Along with roundabouts, “we’ll be looking at eminent domain on some options, we’ll be looking at express lanes through the troublesome intersections.” Eliminating some driveways would alleviate congestion, he said, “but that’s also very tough on the businesses” and “restricts some of their parking.”
Funding must be a priority section in the final report, Iasilli said. “It’s actually not a bad time for funding,” Thiele replied, “because you have the federal infrastructure money that’s out there. There’s never enough capital money in the state budget for funding … Just maintaining existing infrastructure is a challenge. Building new infrastructure is a challenge.”
But the bigger lift, he said, “is reaching consensus on what those solutions should be.” And there are limitations to what can be done.
“When you talk about Montauk Highway from where the diner used to be and you start heading east, that’s not just Montauk Highway — it’s the Main Street for every hamlet in the community … and people don’t want to mess with their Main Street.”
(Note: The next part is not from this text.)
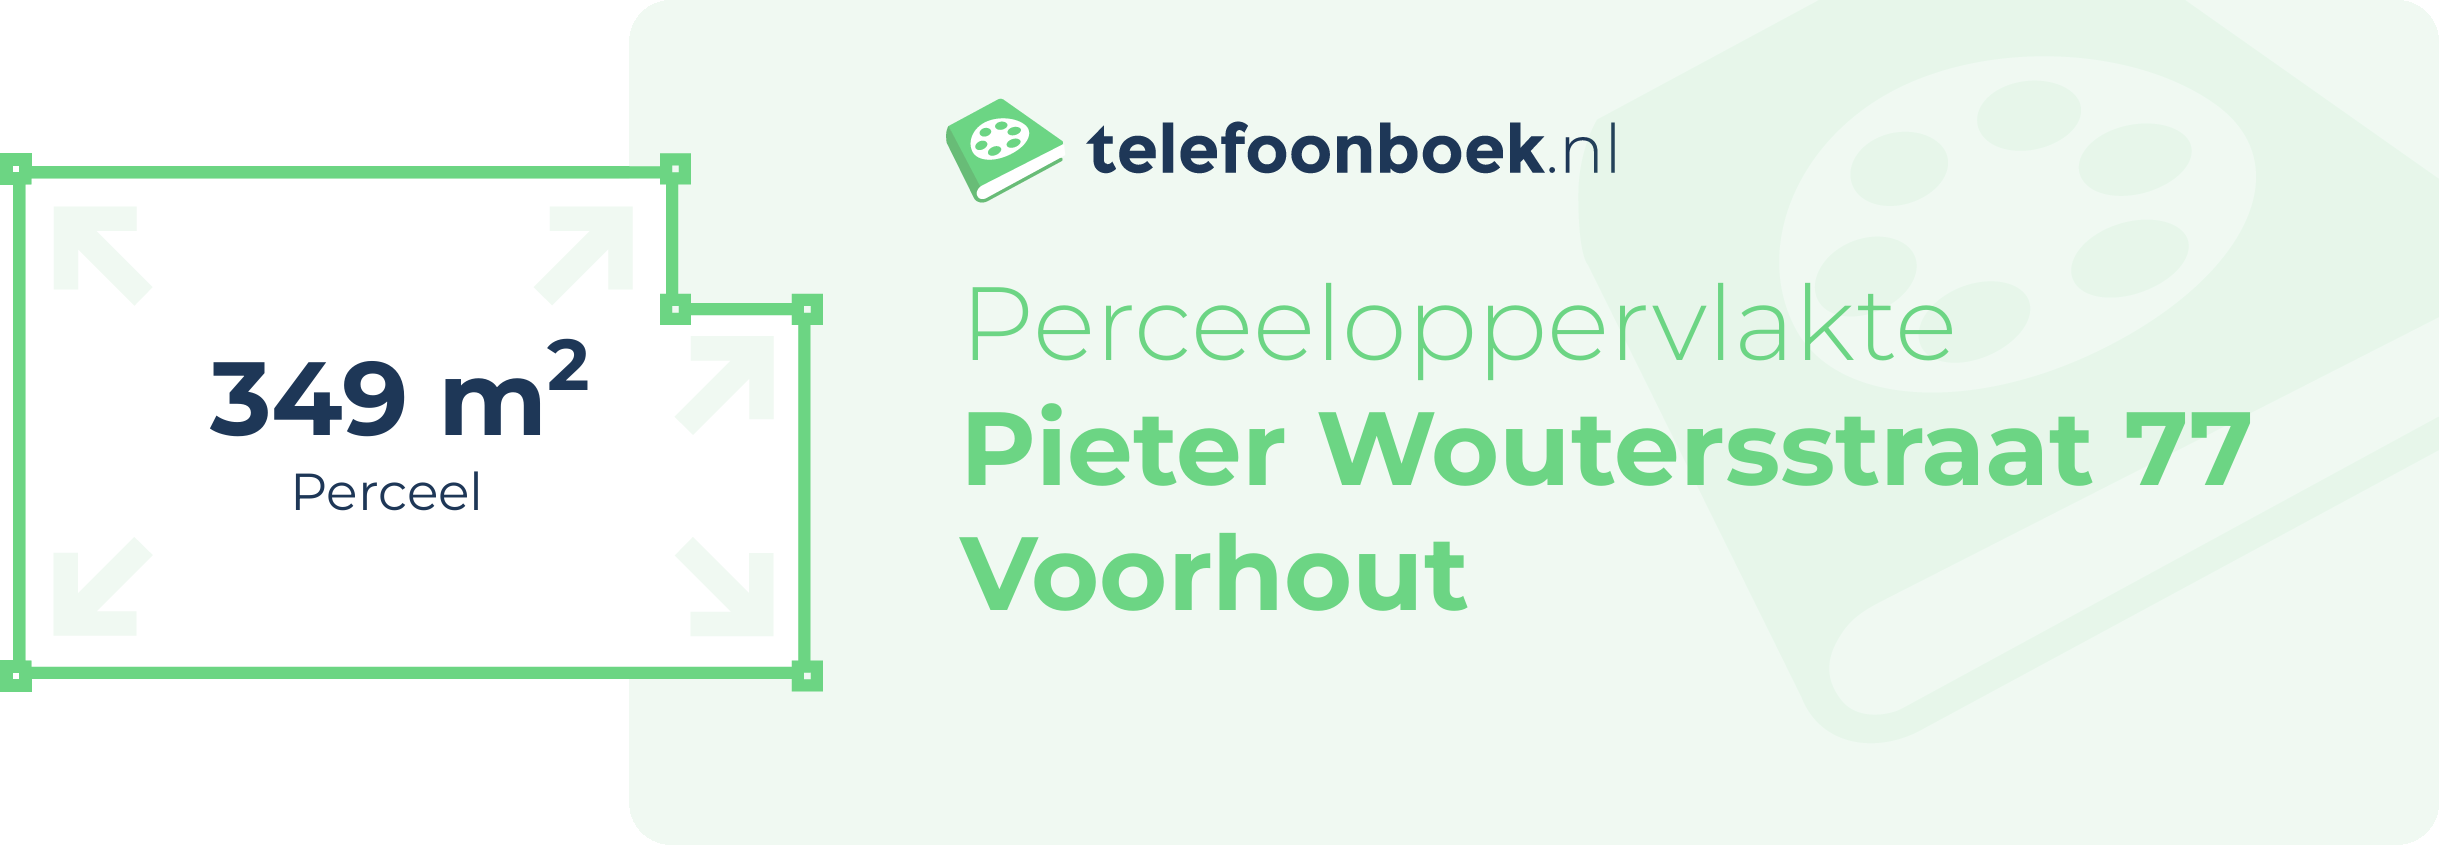 Perceeloppervlakte Pieter Woutersstraat 77 Voorhout

Longer-term solutions are going to be difficult, he said. “There are limitations … to the improvements you can make in infrastructure,” which is why the Long Island Rail Road is an important component in alleviating traffic congestion. “It’s the most under-utilized infrastructure we have.”
The South Fork Commuter Connection is a success, he said, suggesting that a representative from the Metropolitan Transportation Authority come to a future meeting.